WORK ORDER => Every line from the one with "Разработка мобильных приложений" to the end of the listing, and nothing else, is to be printed exactly; please leave the pictures out.

STORED DATA =>
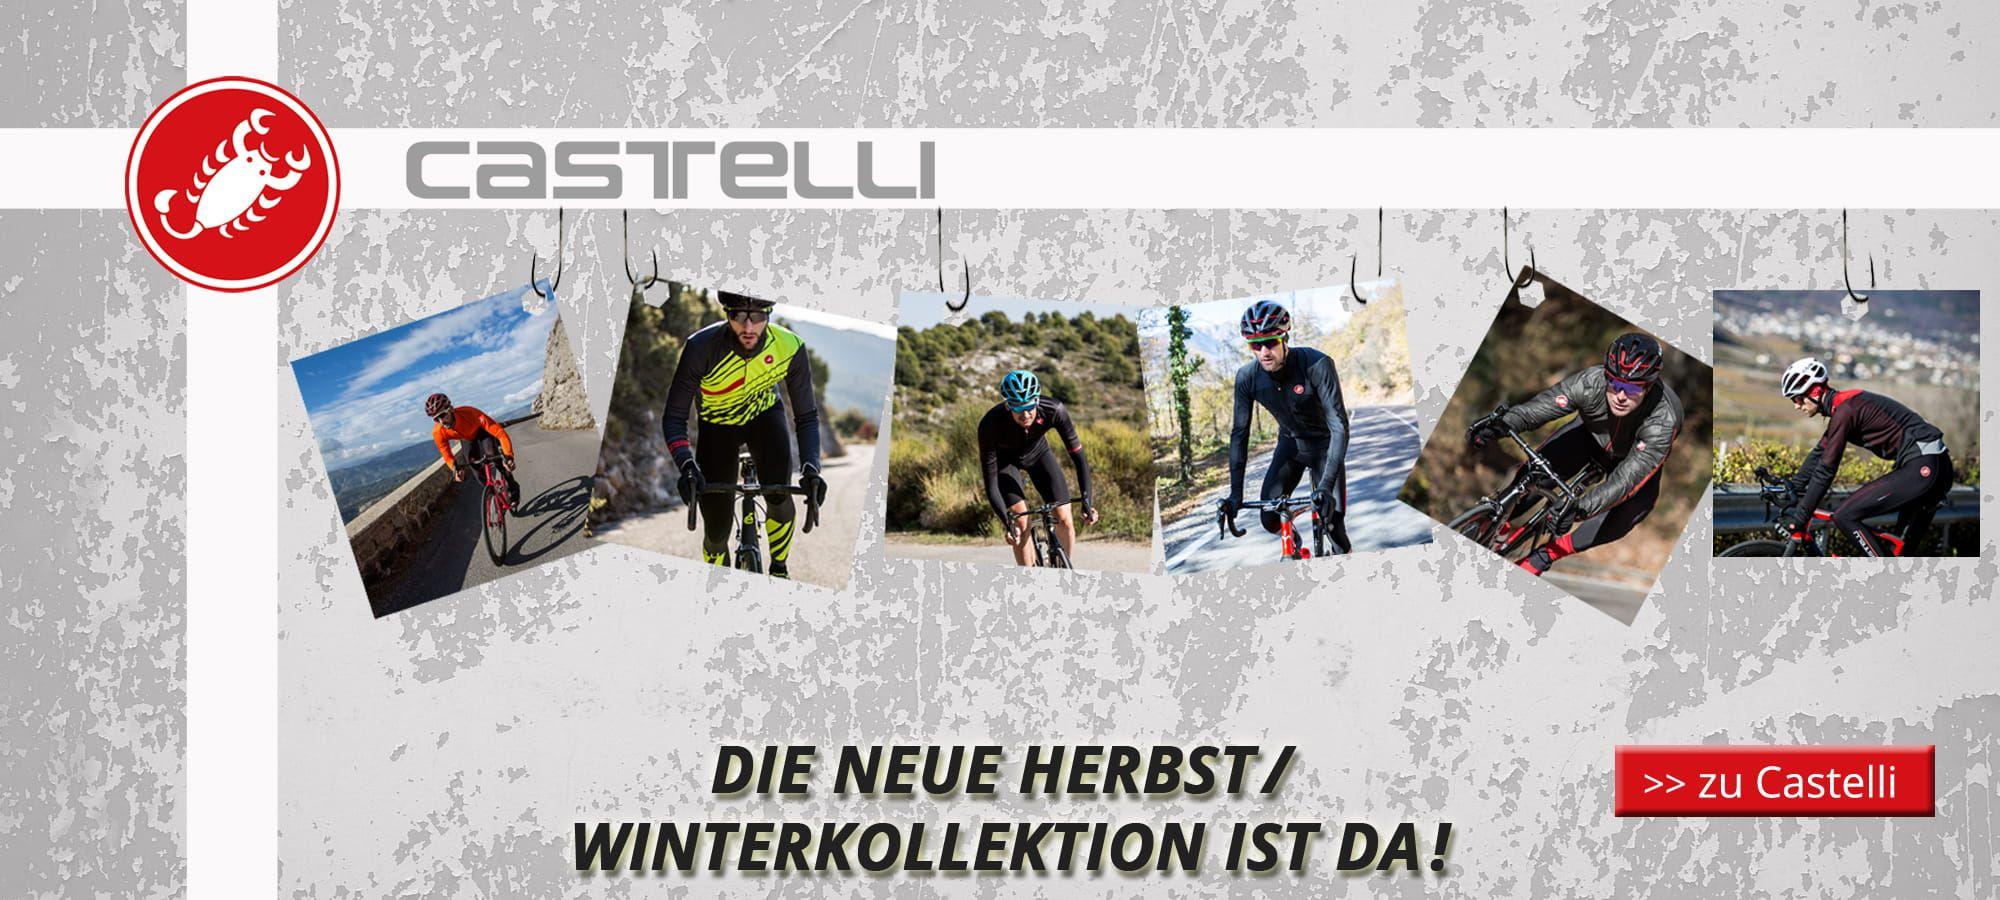 Herbst/ Winter Castelli 2018 - Die neue Herbst / Winterkollektion ist da !
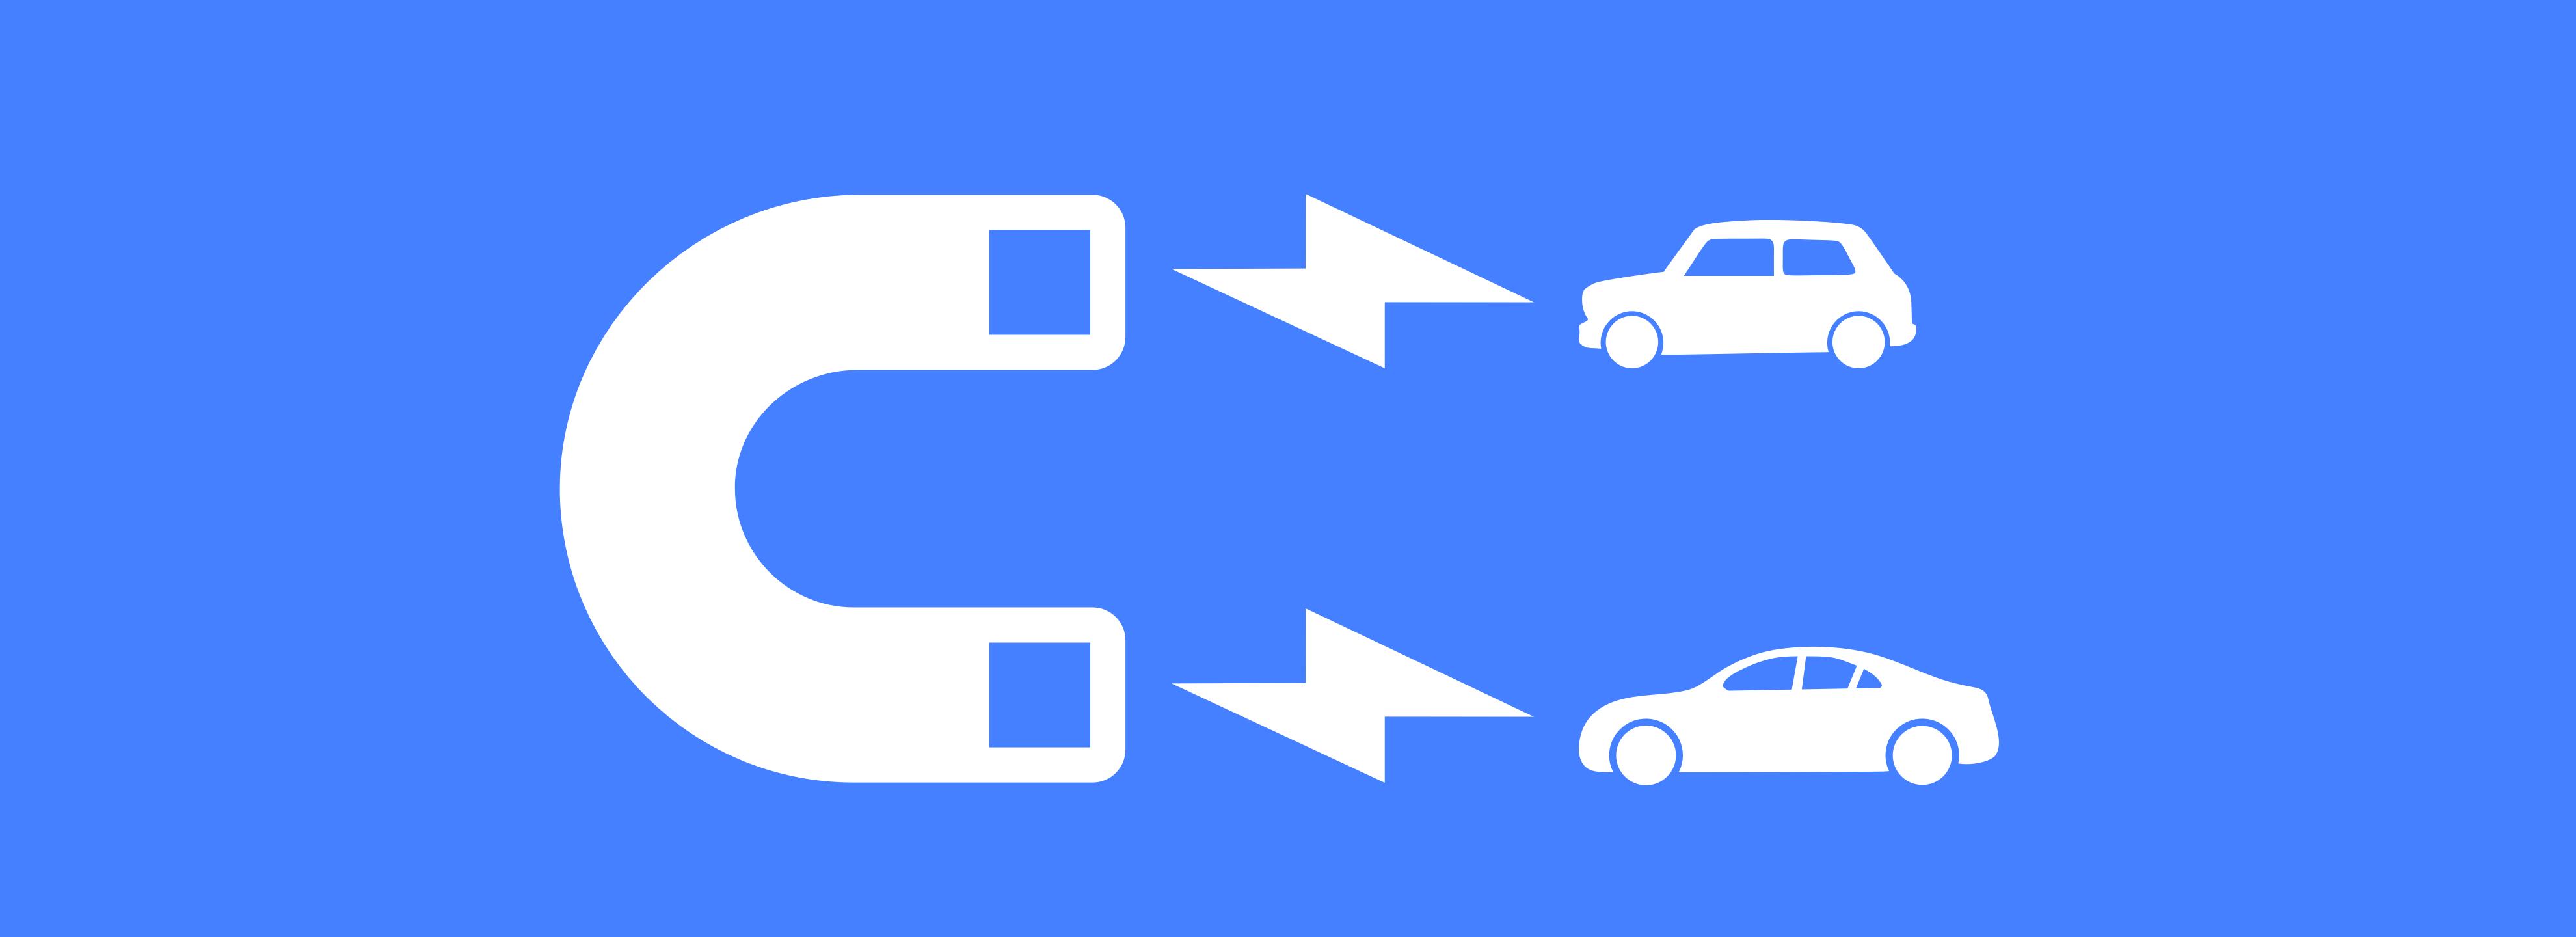 Разработка мобильных приложений для такси и каршеринга, фотография 1
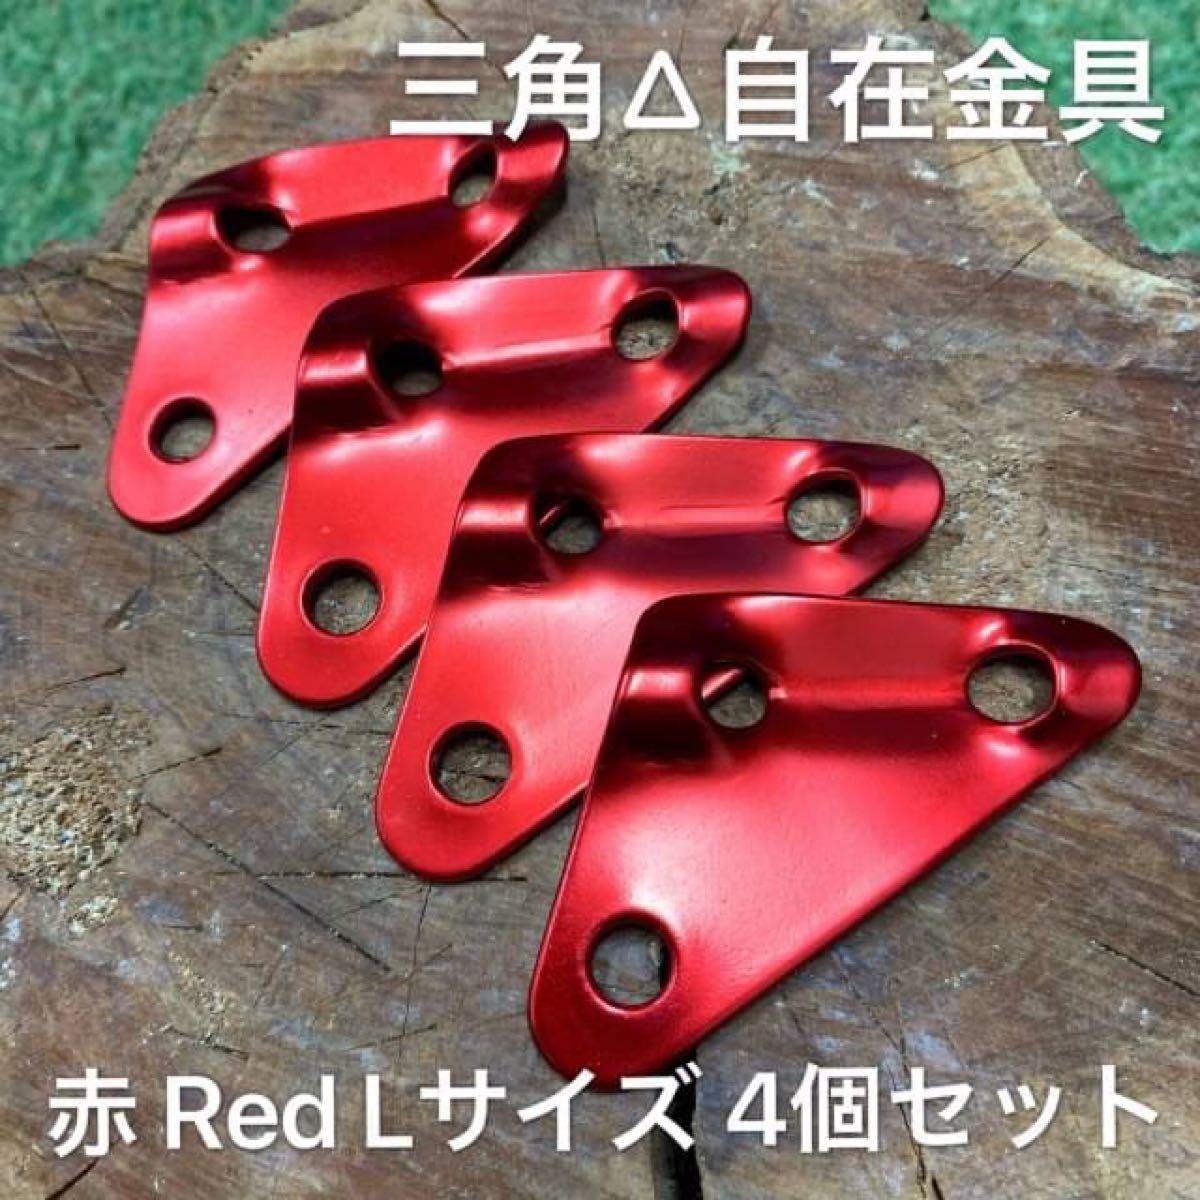 三角△アルミ自在金具 レッド Lサイズ 4個 ロープ長さ調整 三つ穴

ANSWER TO THE EXERCISE =>
 Разработка мобильных приложений для такси и каршеринга, фотография 1
 三角△アルミ自在金具 レッド Lサイズ 4個 ロープ長さ調整 三つ穴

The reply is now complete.